Summary
In Putnam Mills Corporation v. United States, 432 F.2d 553 (2nd Cir. 1970), the court held that it was without jurisdiction because the claim was in excess of $10,000 but said in dicta that the plaintiff might have a promissory estoppel claim against the government for loss of its loan money because the Small Business Administration agreed to hold the money in escrow.
Summary of this case from Jablon v. United StatesOpinion
No. 5, Docket 34611.
Argued September 14, 1970.
Decided October 6, 1970.
Patricia M. Hynes, Asst. U.S. Atty. (Whitney North Seymour, Jr., U.S. Atty. for the Southern District of New York, on the brief), for defendant-appellee.
Martin N. Whyman, New York City (Ruben Schwartz, New York City, on the brief), for plaintiff-appellant.
Before FRIENDLY, SMITH and HAYS, Circuit Judges.
Plaintiff appeals from an order of the United States District Court for the Southern District of New York, granting defendant's motion to dismiss the complaint for lack of subject matter jurisdiction.
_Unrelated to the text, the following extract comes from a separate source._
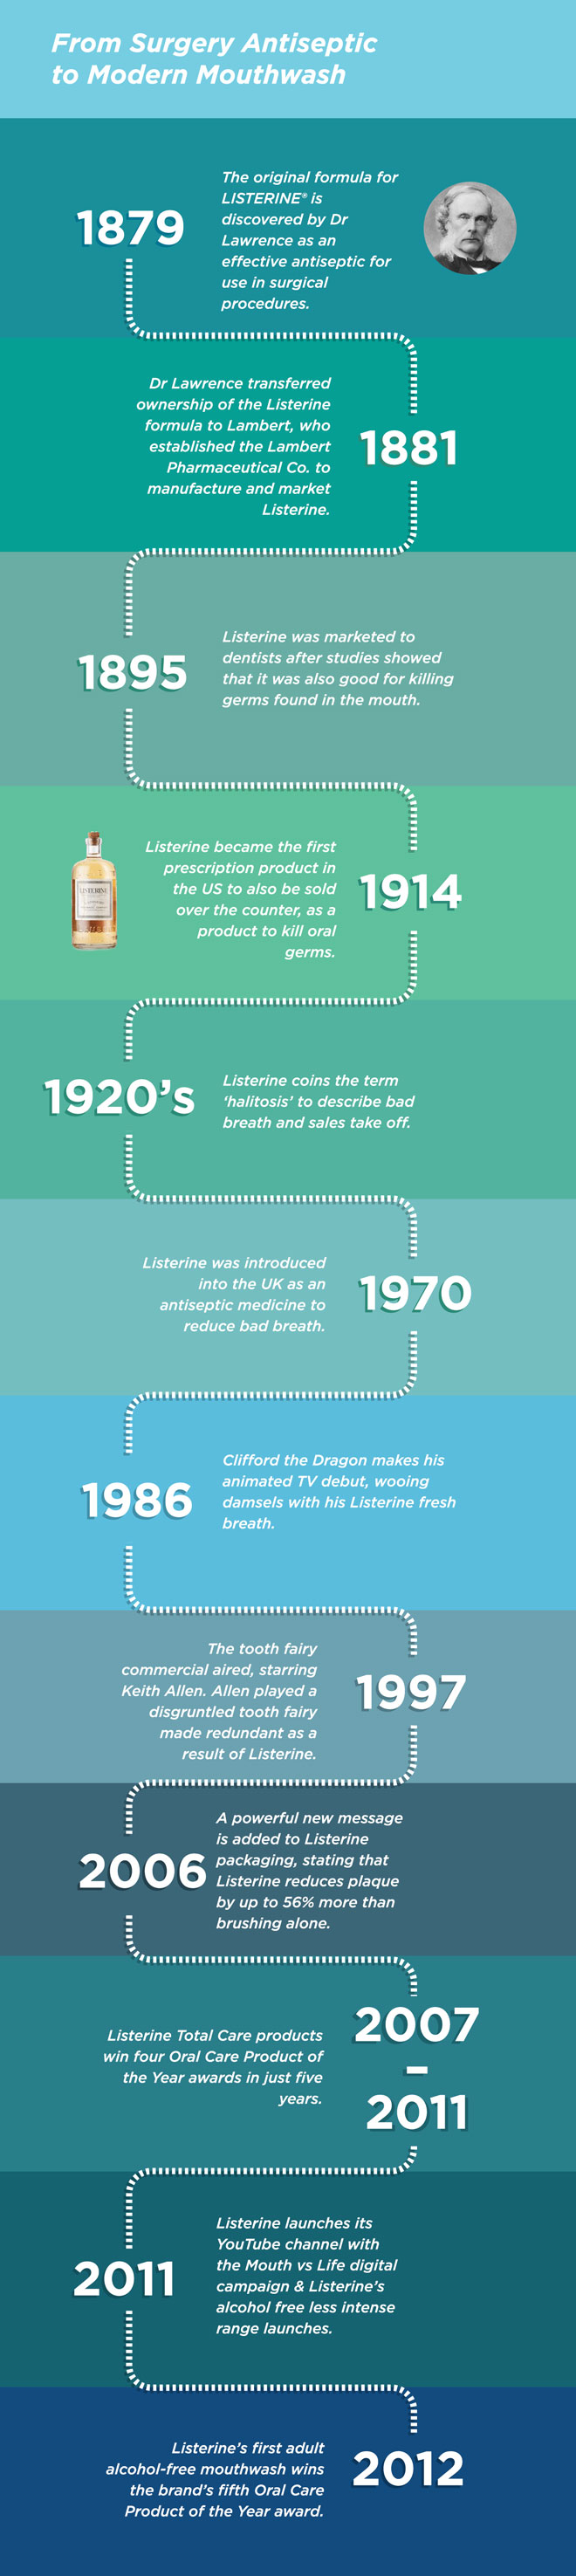 A timeline showing the history of Listerine from 1879 until 2021

Sorenson Mfg. Co. had a contract with the United States to supply parachutes. Plaintiff was to furnish the nylon fabric for the parachutes. In order to assure payment Sorenson promised to assign to plaintiff the proceeds of a loan which it would negotiate with the Small Business Administration. Plaintiff alleges that the Small Business Administration represented that it would finance Sorenson's contract with the government. It agreed, plaintiff alleges, to place the proceeds of the loan to Sorenson in escrow for the purpose of guaranteeing payment to plaintiff if Sorenson defaulted. Plaintiff seeks to have S.B.A. declared to be the escrowee for its benefit of the loan proceeds in its possession to the extent of the $14,480.22 due on the shipment of fabrics to Sorenson, and asks that the S.B.A. be required to pay that sum to plaintiff. Although plaintiff apparently has no enforceable claim on an express guaranty, he may well have an enforceable promise to hold the funds in escrow, either on a promissory estoppel theory (see Restatement of Contracts § 90 (1932); 1 Williston, Contracts § 140 (3d ed. 1957)), or because the plaintiff's promise to supply the fabric constituted conventional consideration.
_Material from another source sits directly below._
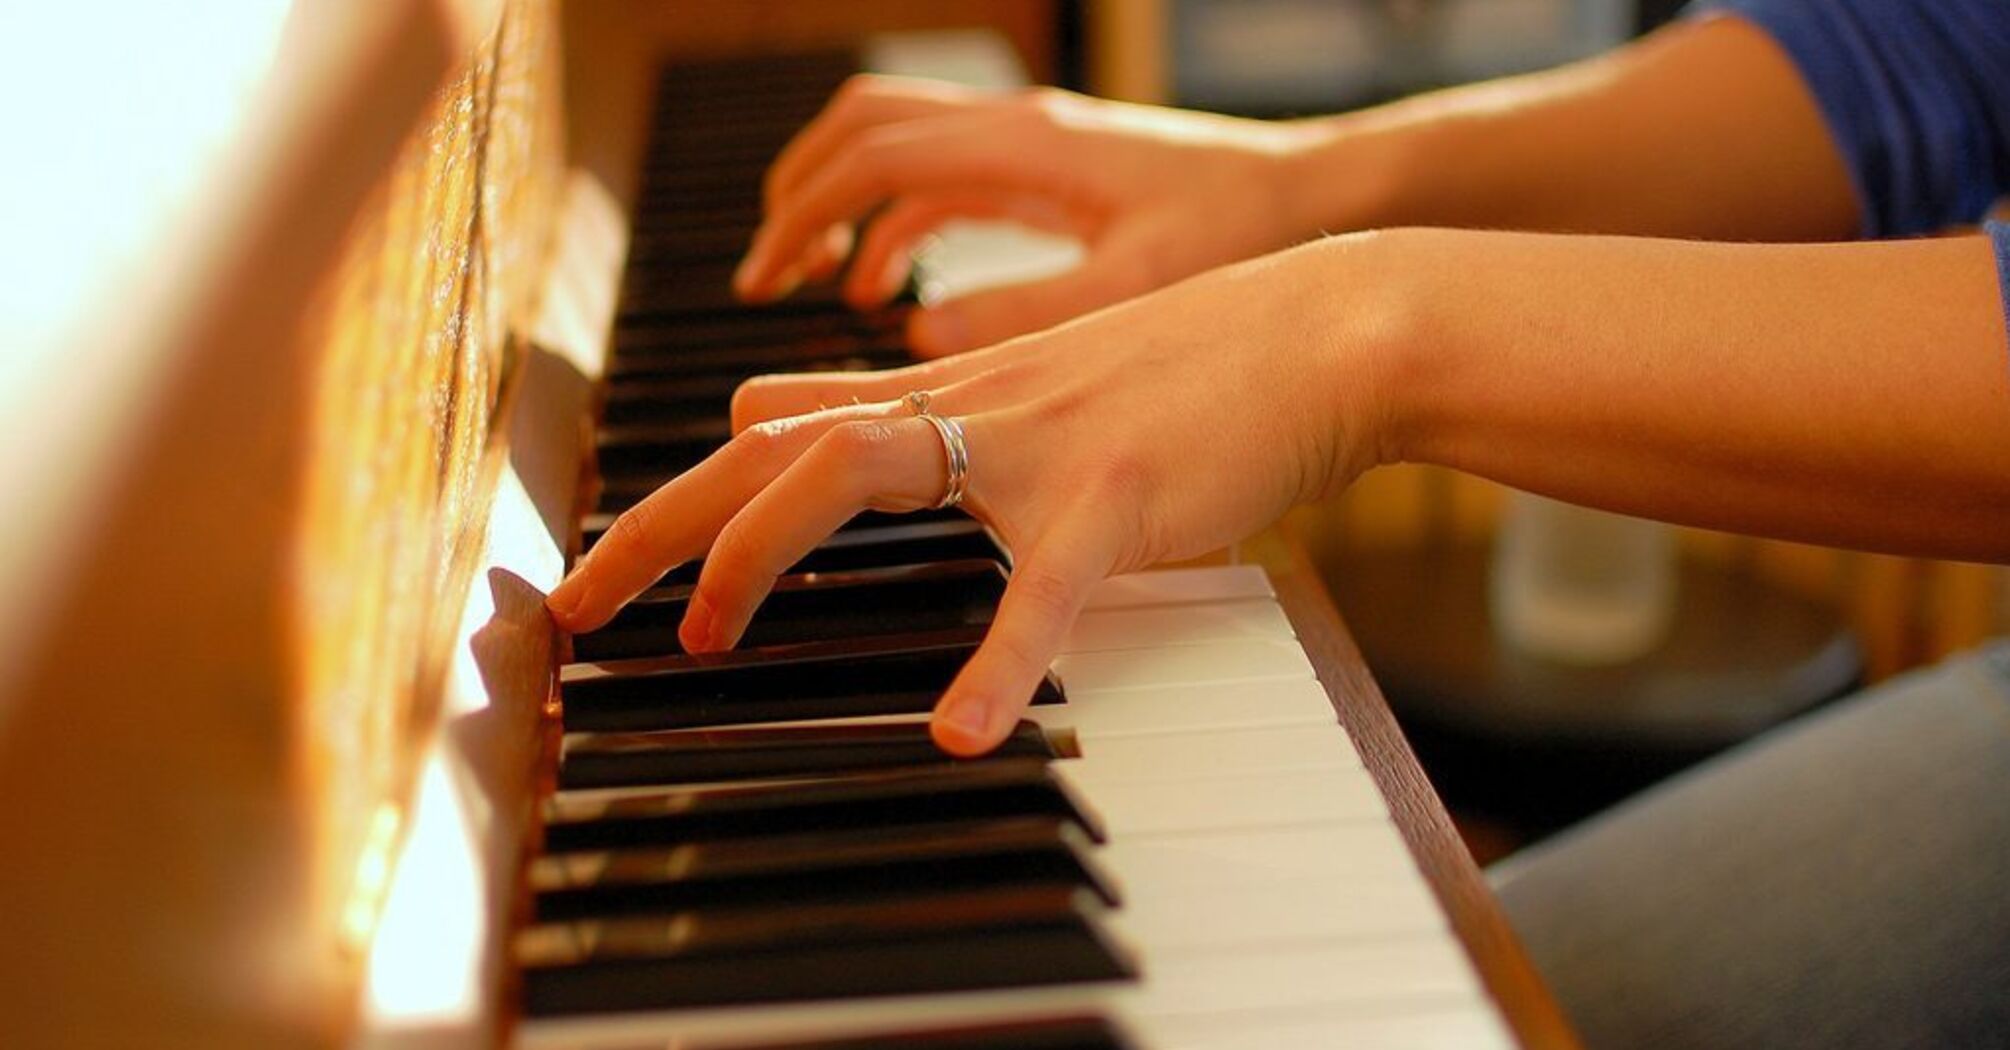 What skills does playing the piano develop

The district court dismissed plaintiff's claim on the ground that it sounded in deceit and therefore was not vindicable under the Federal Tort Claims Act, 28 U.S.C. § 1346(b) (1964). See 28 U.S.C. § 2680(h) (1964).
It is our view that plaintiff has pleaded a claim which may well entitle it to recovery in contract. However since the claim exceeds $10,000 it must be asserted in the Court of Claims. 28 U.S.C. § 1491 (Supp. 1970); 28 U.S.C. § 1346 (1964). Consequently, the order of the district court dismissing the complaint for lack of subject matter jurisdiction is affirmed.
Plaintiff's attempt to classify his cause of action as a prima facie tort does not suffice to avoid the jurisdictional inhibitions on claims in deceit or contract. See United States v. Smith, 324 F.2d 622, 624-625 (5th Cir. 1963); Woodbury v. United States, 313 F.2d 291, 295 (9th Cir. 1963).
The judgment is affirmed without prejudice to plaintiff's proceeding in the Court of Claims if he so chooses.